The guy should be ashamed!
Horse trailor traders! Never trust em!


----------



## BrookeWookie (Oct 20, 2007)

I paid 700 for it and I know that isn't a lot but to me it is. but yes I have saved all of his emails.


----------



## wyominggrandma (Nov 4, 2009)

I have a feeling that you will find basically its "buyer beware"... I hate to say it, but you should have pulled the mats up before you bought it, if there was too much rust, then it was there when you bought it. I looked at many many trailers before we found ours and many times, even though the sellers said "the floors are great, very little rust, good shape" when we looked at the trailers , they were no where close to being what the seller said and we walked.
Even if you saved emails, he can say" in my opinion the floors are fine, etc and she did buy the trailer after seeing it. Unless you have something in your state that is called "buyers remorse" and can return something within a few days for a return of your money, then I am afraid you are stuck with the trailer.


----------



## BrookeWookie (Oct 20, 2007)

yeah one of my friends said that it might be located under the GA lemon laws. I am trying to locate it on the internet. If not my friend does a lot of welding and said he will come by tomorrow and take a look at it. I may just have to replace everything and start from scratch.


----------



## Amarea (May 25, 2010)

How would it be covered under a lemon law? You had the opportunity to inspect the trailer prior to purchase and did not do so adequately. Therefore that is YOUR misfortune and you likely will not be covered under any lemon law.


----------



## riccil0ve (Mar 28, 2009)

Cowboy Ken said:


> sorry for your misfortune
> sounds like you got took, buying a used vehicle...
> I doubt you have recourse?
> 
> ...


I would not suggest piecing together the floor of a horse trailer. Replace it completely, or junk the whole thing. Far more horses fall through flooring than you think. =\
_Posted via Mobile Device_


----------



## Spastic_Dove (Oct 4, 2007)

I'm fairly certain that since you went and saw the trailer and decided to buy it anyway you won't have any legal leg to stand on. Regardless of how he presented the trailer through emails, you went out and saw it yourself and gave it a green light so to speak so I think you'd be wasting your time and money trying to take him to court.


----------



## WickedNag (Sep 7, 2010)

So cheap to go to small claims court it is certainly worth a shot. You will end up giving the trailer back if you lose. I have a hard time thinking you will find a very good trailer for $700. Good luck to you


----------



## churumbeque (Dec 20, 2009)

BrookeWookie said:


> I paid 700 for it and I know that isn't a lot but to me it is. but yes I have saved all of his emails.
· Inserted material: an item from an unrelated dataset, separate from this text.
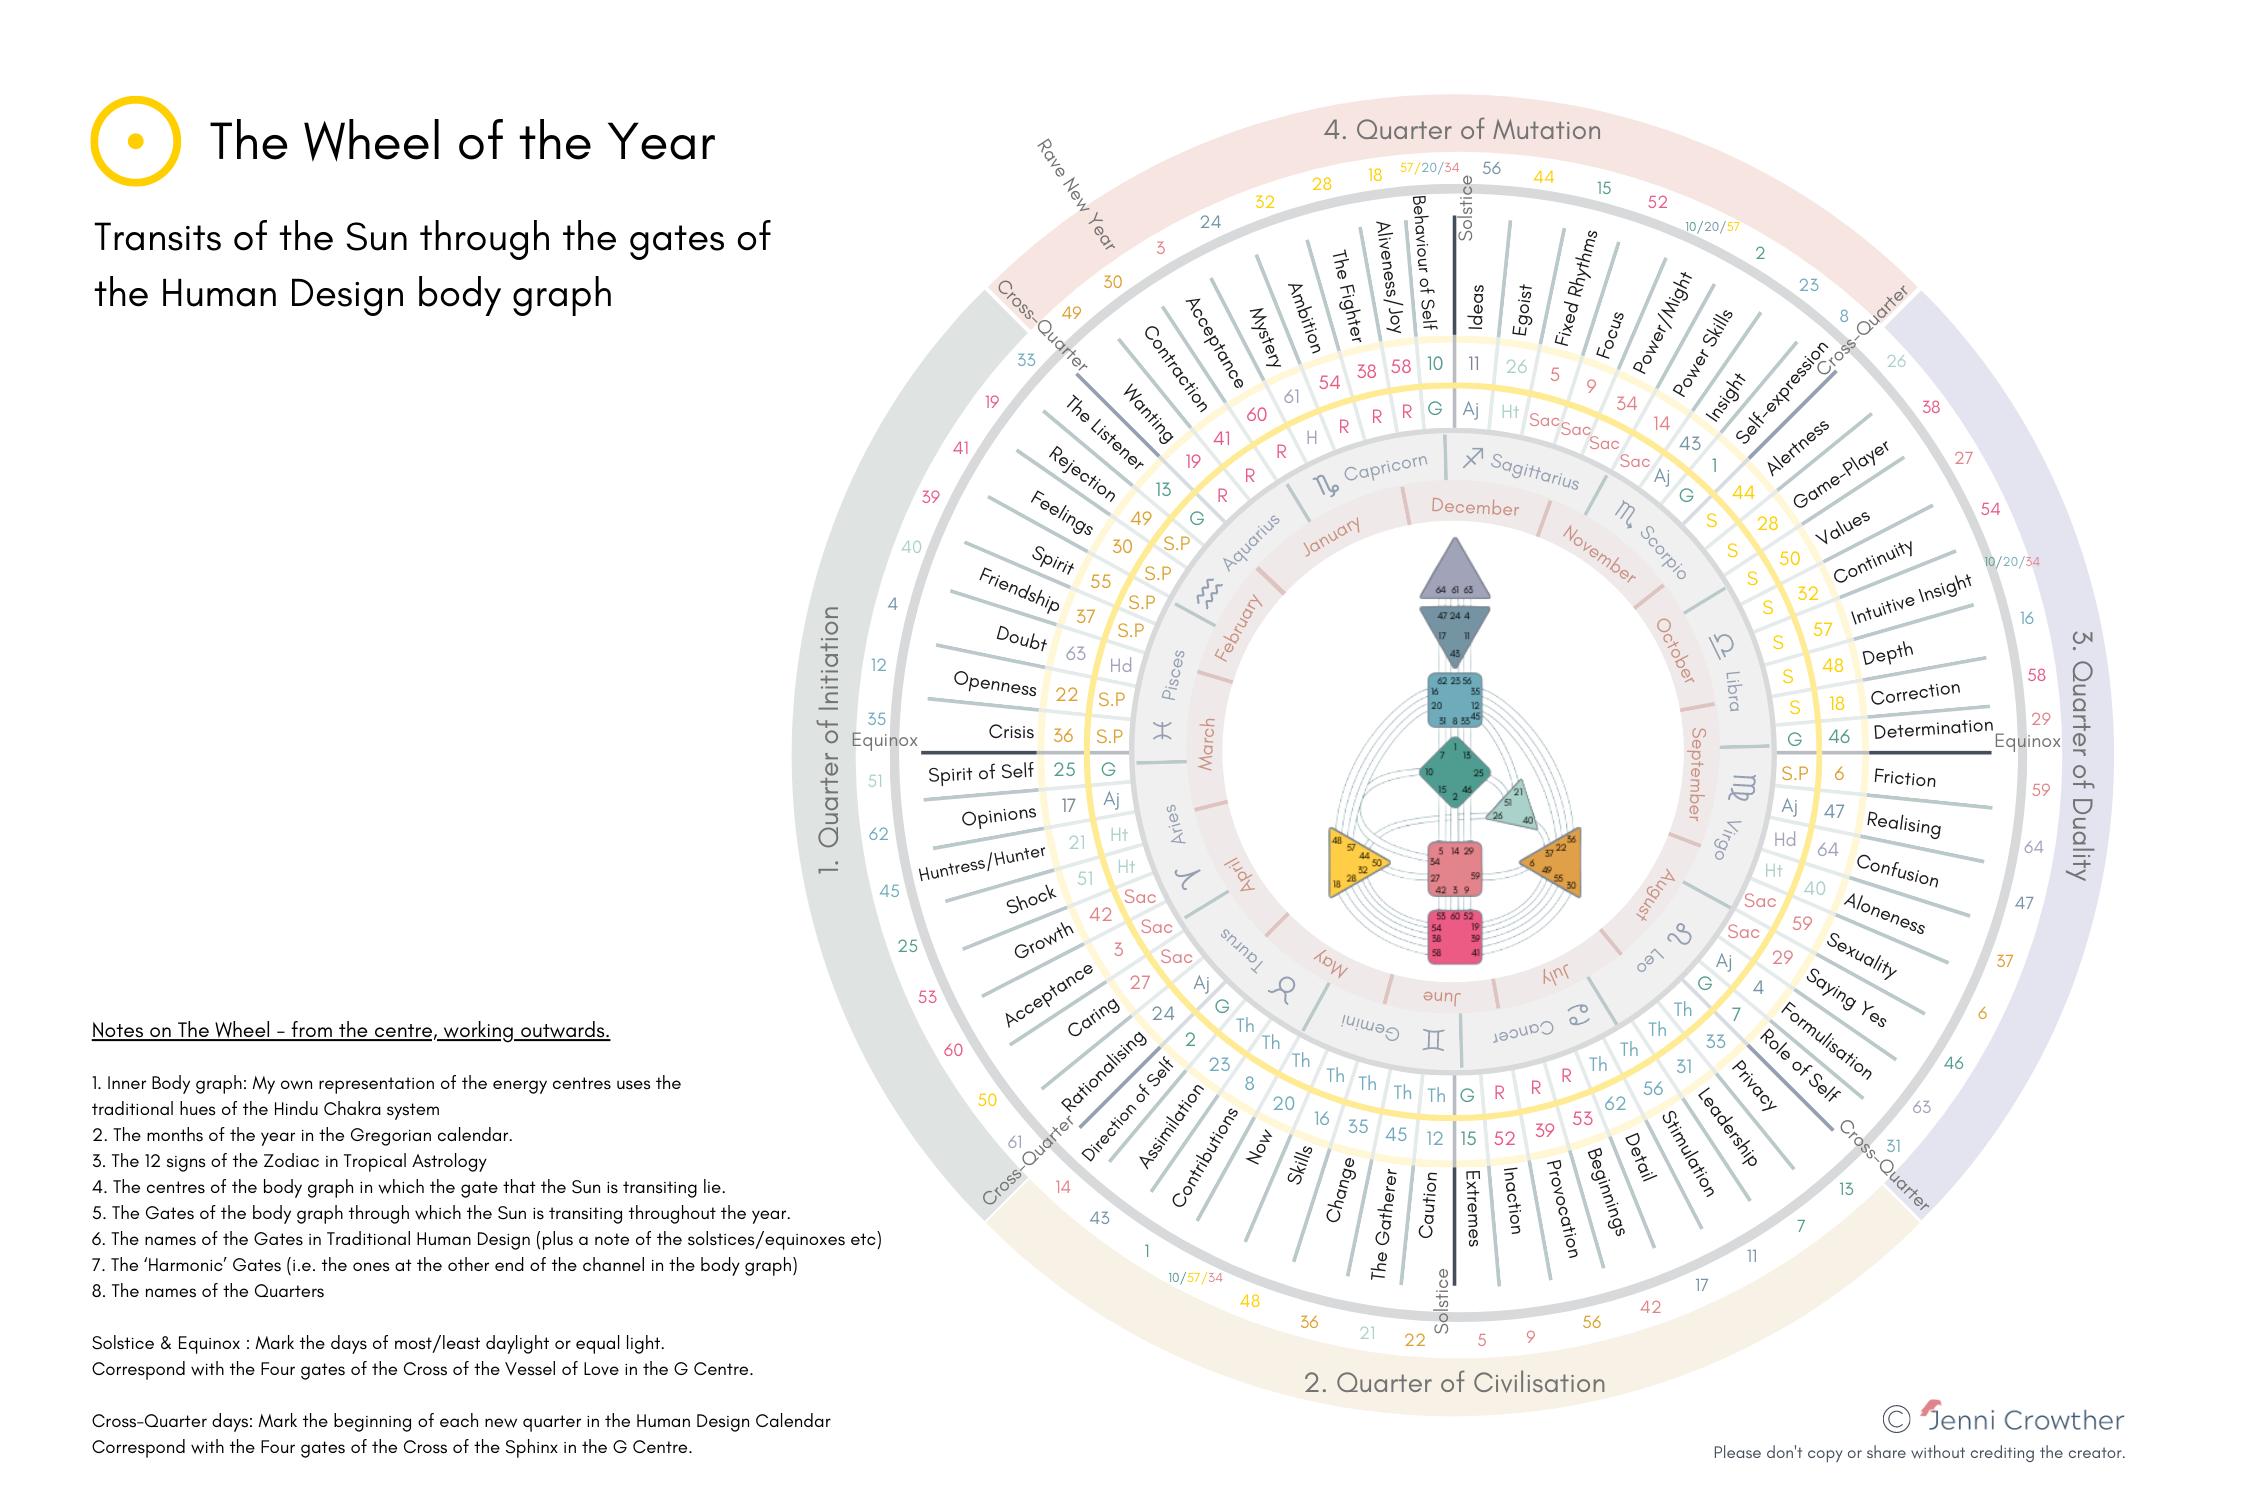 Human Design wheel of the year

Ist of all a 700.00 trailer wouldn't get much. 2nd road worthy is different to different people, 3rd why did you wait until after you bought it to inspect it? It is an as is sale and you should have done your research before purchasing it. Sounds like these defects were obvious and not hidden


----------



## mls (Nov 28, 2006)

BrookeWookie said:


> After looking at the trailer at his house I decided to purchase it.


Sorry - read the above.

You looked at it and then decided to purchase it. The things you are complaining about were at his house. They did not simply appear on the drive home.


----------



## franknbeans (Jun 7, 2007)

"To qualify under the Georgia Lemon Law or the federal Lemon Law, you must generally have a product that suffered multiple repair attempts under the manufacturer's factory warranty"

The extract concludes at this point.